ASGI Correlation ID middleware

Middleware for loading or generating correlation IDs, making it simple to correlate logs from a single HTTP request.

Correlation IDs are loaded when the middleware detects a correlation ID HTTP header in an incoming request. When no header is found, a correlation ID is generated for the request instead.

The header key name is customizable. Platforms like Heroku use X-Request-ID as their standard (source), but X-Correlation-ID is also commonly used.

Once a correlation ID has been set or generated, it's added to your project logs with a log filter.

Table of contents

Installation

pip install asgi-correlation-id

Configuring the middleware

To set up the package, you need to add the middleware and configure logging.

1/3 Setting up the middleware

The middleware can be added like this

from fastapi import FastAPI
from starlette.middleware import Middleware

from asgi_correlation_id import CorrelationIdMiddleware


app = FastAPI(middleware=[Middleware(CorrelationIdMiddleware)])

or like this

from fastapi import FastAPI

from asgi_correlation_id import CorrelationIdMiddleware


app = FastAPI()
app.add_middleware(CorrelationIdMiddleware)

or any other way your framework allows.

For Starlette apps, just substitute FastAPI with Starlette in the example above.

2/3 Settings

The middleware has a few settings.
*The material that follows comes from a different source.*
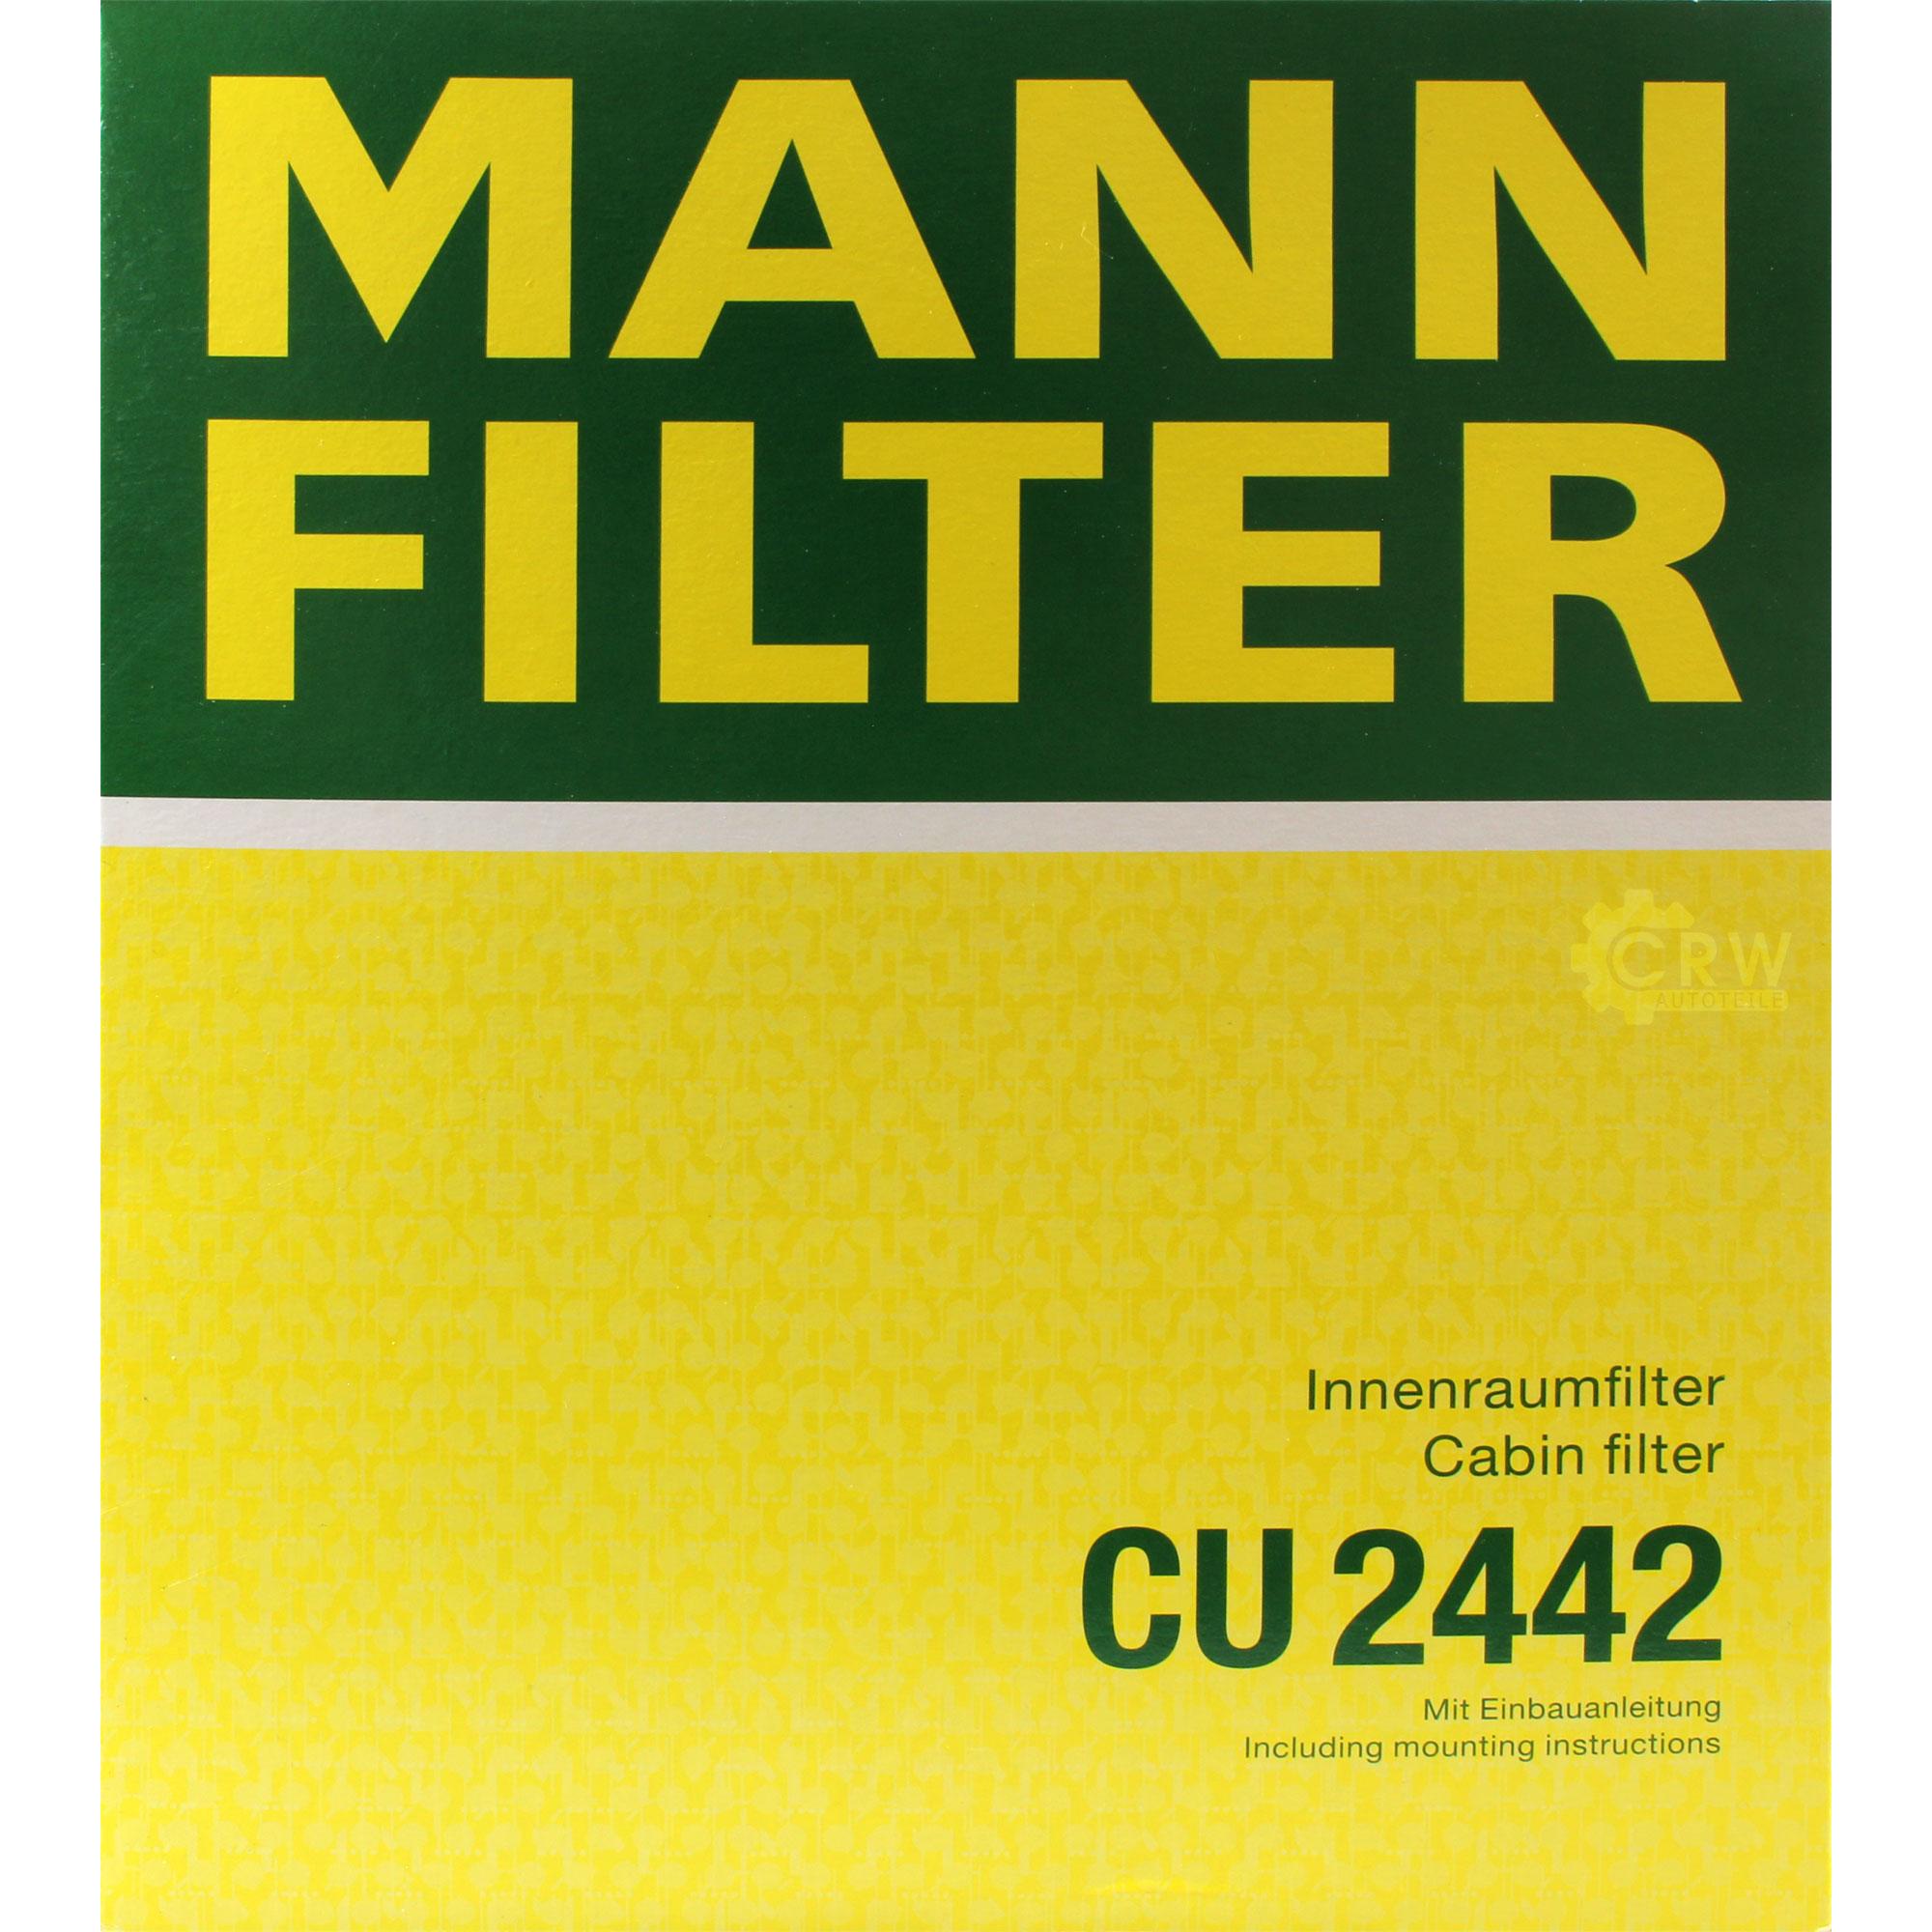 MANNOL-5L-Energy-Premium-5W-30-MANN-FILTER-Filterpaket-Opel-Astra-J-W13-2-0-CDTi Indexbild 12

These are the defaults:

class CorrelationIdMiddleware(
    header_name='X-Request-ID',
    validate_header_as_uuid=True,
): ...

header_name

The HTTP header key to read IDs from.

In addition to the default, another popular choice for header name is X-Correlation-ID, but the header name can be any string.

Defaults to X-Request-ID.

validate_header_as_uuid

By default, the middleware validates correlation IDs as valid UUIDs. If turned off, any string will be accepted. The benefit of enforcing UUID usage has to do with limiting the chance of correlation ID collisions.

When a header value is detected but found to be invalid, the value is discarded, and a fresh UUID is generated in its place. The package logs a warning in these cases.

Defaults to True.

3/3 Configuring logging

To set up logging of the correlation ID, you simply have to implement the log-filter supplied by the package.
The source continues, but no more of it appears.